Why I Stopped Building One Giant Prompt

I used to do what everyone does when they build an AI chatbot. Stuff everything into one prompt. Every instruction, every edge case, every guardrail, every personality trait. One massive wall of text and then hope the model figures it out.

It works fine for simple stuff. A customer service bot that answers FAQs? Sure, one prompt is enough. But the moment you need the AI to actually guide someone through a multi-step process with branching logic across different contexts, that approach falls apart fast.

I learned this the hard way.

The project that broke my approach

I was building a conversational AI coach for an international nonprofit. The system needed to guide grant applicants through a structured evaluation process via WhatsApp. Sounds straightforward until you look at the requirements:

11 languages with automatic detection
4-5 grant categories, each with different evaluation criteria
20+ total criteria the AI needed to assess
Applicants with wildly varying levels of proposal quality
Users in regions with poor internet connectivity on basic smartphones
The AI needed to coach weak proposals into stronger ones, not just collect data

My first instinct was the same as always. One big prompt. I wrote out all the grant categories, all the criteria, the coaching instructions, the language handling, the demographic capture, the tone guidelines. It was massive.

And it was a mess.

What went wrong

The AI would start evaluating criteria from the wrong grant category. It would forget what it had already asked about. It would get derailed when a user went off topic and never find its way back. The longer the conversation went, the worse it got. Context window pollution is real, and when you’re asking a model to juggle 20+ criteria across multiple categories while coaching in Swahili, things degrade quickly.

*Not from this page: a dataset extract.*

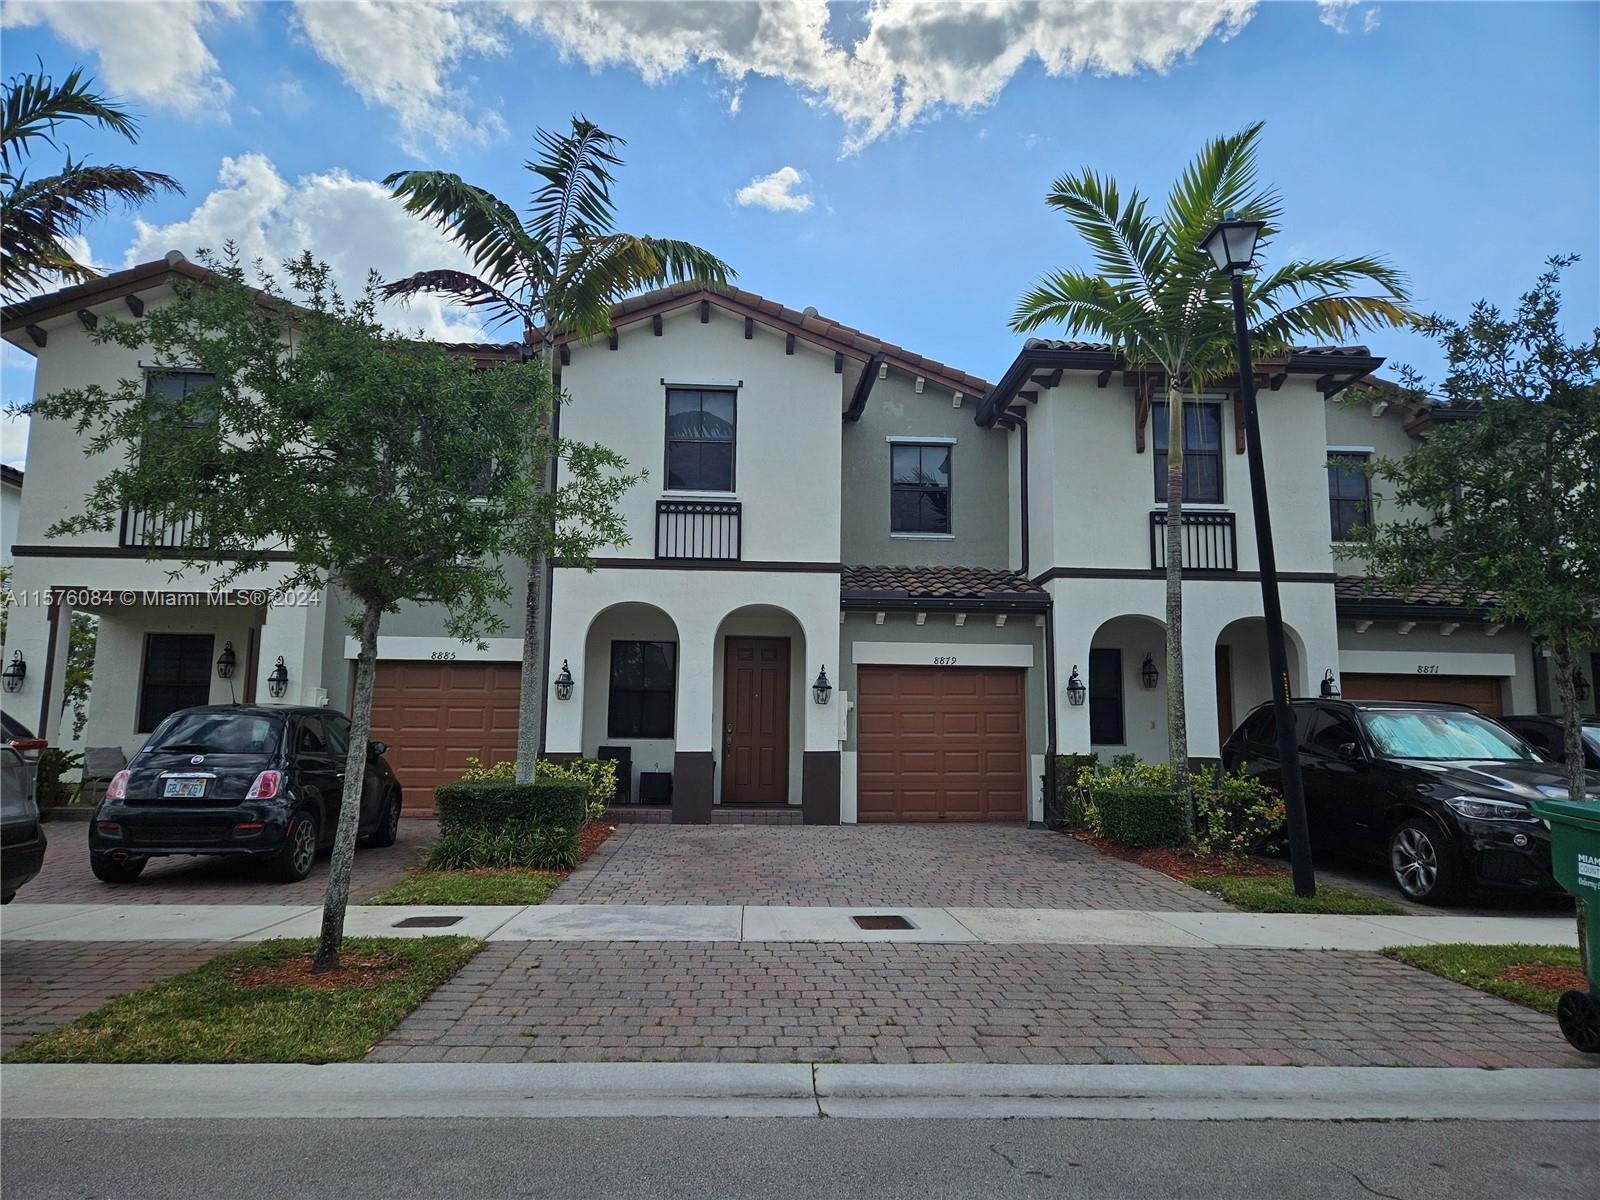 Photo of 8879 NW 102nd Ct in Doral, FL
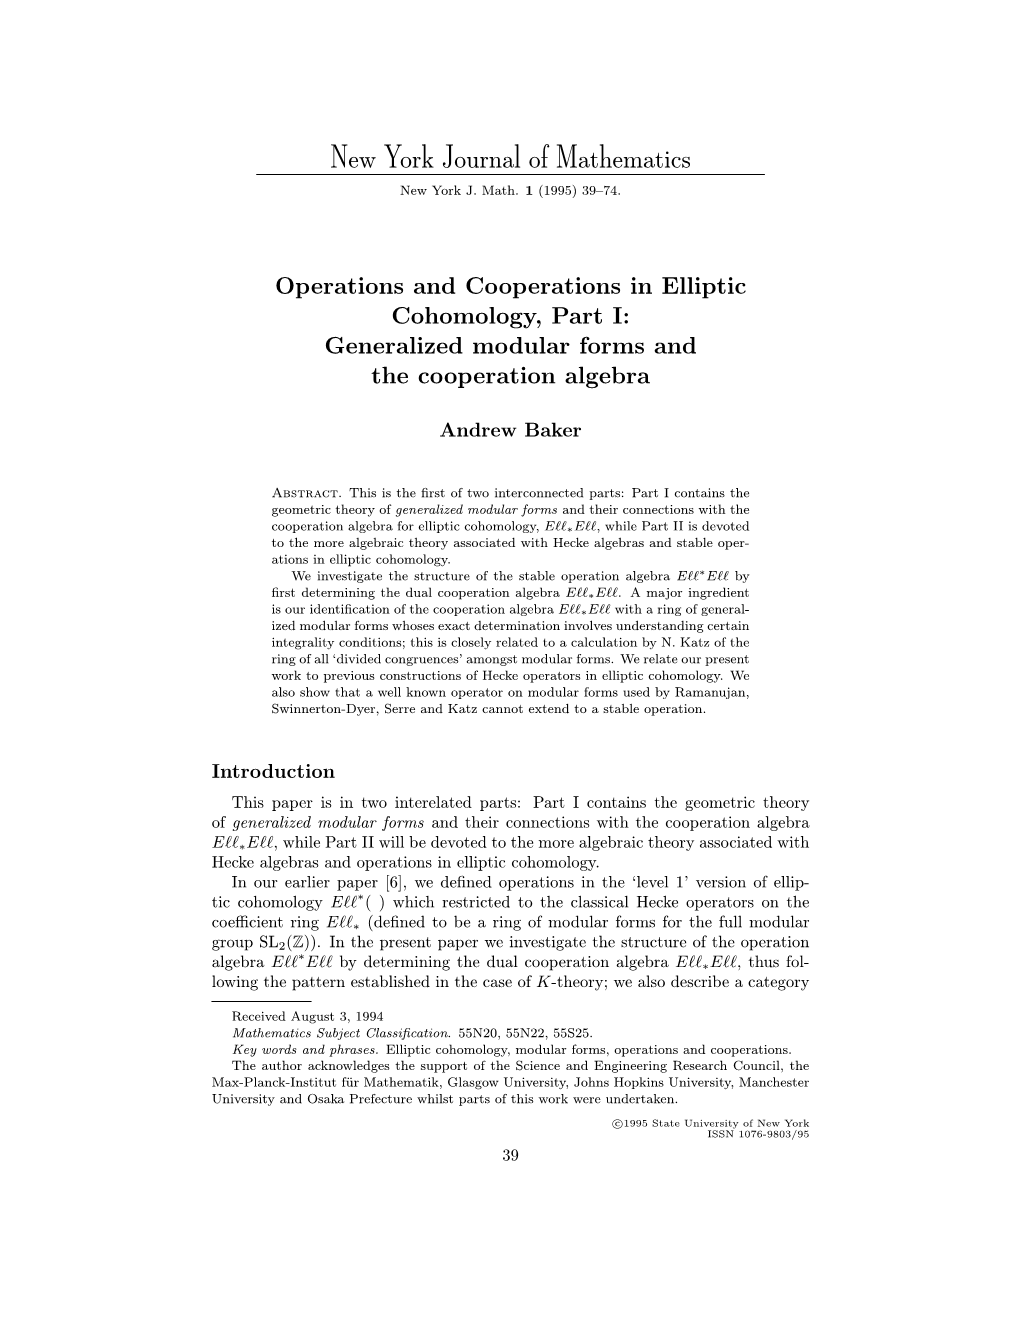 Generalized Modular Forms and the Cooperation Algebra

The fundamental problem: I was asking the AI to hold too many objectives in its head at once. Just like a human would struggle to simultaneously evaluate a proposal across every dimension while also coaching, detecting language, capturing demographics, and staying on topic.

The fix: objective-based architecture

I broke the system into modular objectives. Each conversation stage has one job. One focused context. One clear goal.

Instead of one prompt that says “evaluate everything and coach the applicant and detect their language and capture demographics and stay on topic,” I designed a flow where:

Stage 1 handles language detection and initial context. That’s it. Detect the language, greet them appropriately, set expectations.

Stage 2 captures demographic information through natural conversation. Not a form. Just questions woven into the flow.

Stage 3+ evaluates each grant category separately with focused context. The AI only sees the criteria relevant to that specific category. Previous responses inform the next stage, but the prompt stays scoped.

Each stage has guardrails that prevent the AI from drifting. If a user tries to jump ahead or go off topic, the system redirects without losing progress.

Why this works better

Reduced hallucination. When the AI only needs to evaluate 4-5 criteria instead of 20+, it stays accurate. Smaller scope means fewer opportunities to confuse or fabricate information.

Better coaching quality. With focused context, the AI asks sharper follow-up questions. It can actually identify what’s missing from a proposal category and probe deeper, instead of giving generic “tell me more” responses.

Conversation resilience. Users tried to break it. They went off topic, asked unrelated questions, tested boundaries. The modular design meant each stage could handle disruption independently without corrupting the entire conversation state.

Easier debugging. When something went wrong, I knew exactly which stage failed. I could fix one module without touching the rest. Try debugging a 2000-word monolithic prompt when the AI gives a bad response on turn 47 of a conversation.

The result

The system replaced what would have been 11 separate Google Forms (one per language) with a single intelligent agent that feels like talking to a real coach. Applicants in the Philippines, Honduras, and across multiple continents use the same system. It develops underdeveloped ideas into viable grant proposals through targeted questioning.

And the quality of applications went up because the AI wasn’t just collecting answers. It was actually coaching people to think more deeply about their proposals.

The principle I took away

This applies way beyond chatbots. Any time you’re building an AI system that needs to handle complexity, resist the urge to solve it with one massive prompt. Break it into focused stages. Give each stage a single clear objective. Pass context forward intentionally, not by hoping the model remembers everything.

I’ve applied this same pattern to support automation, report generation, and translation systems since then. The modular approach scales. The monolithic prompt does not.

The best AI systems I’ve built don’t try to be smart about everything at once. They’re smart about one thing at a time, in the right order.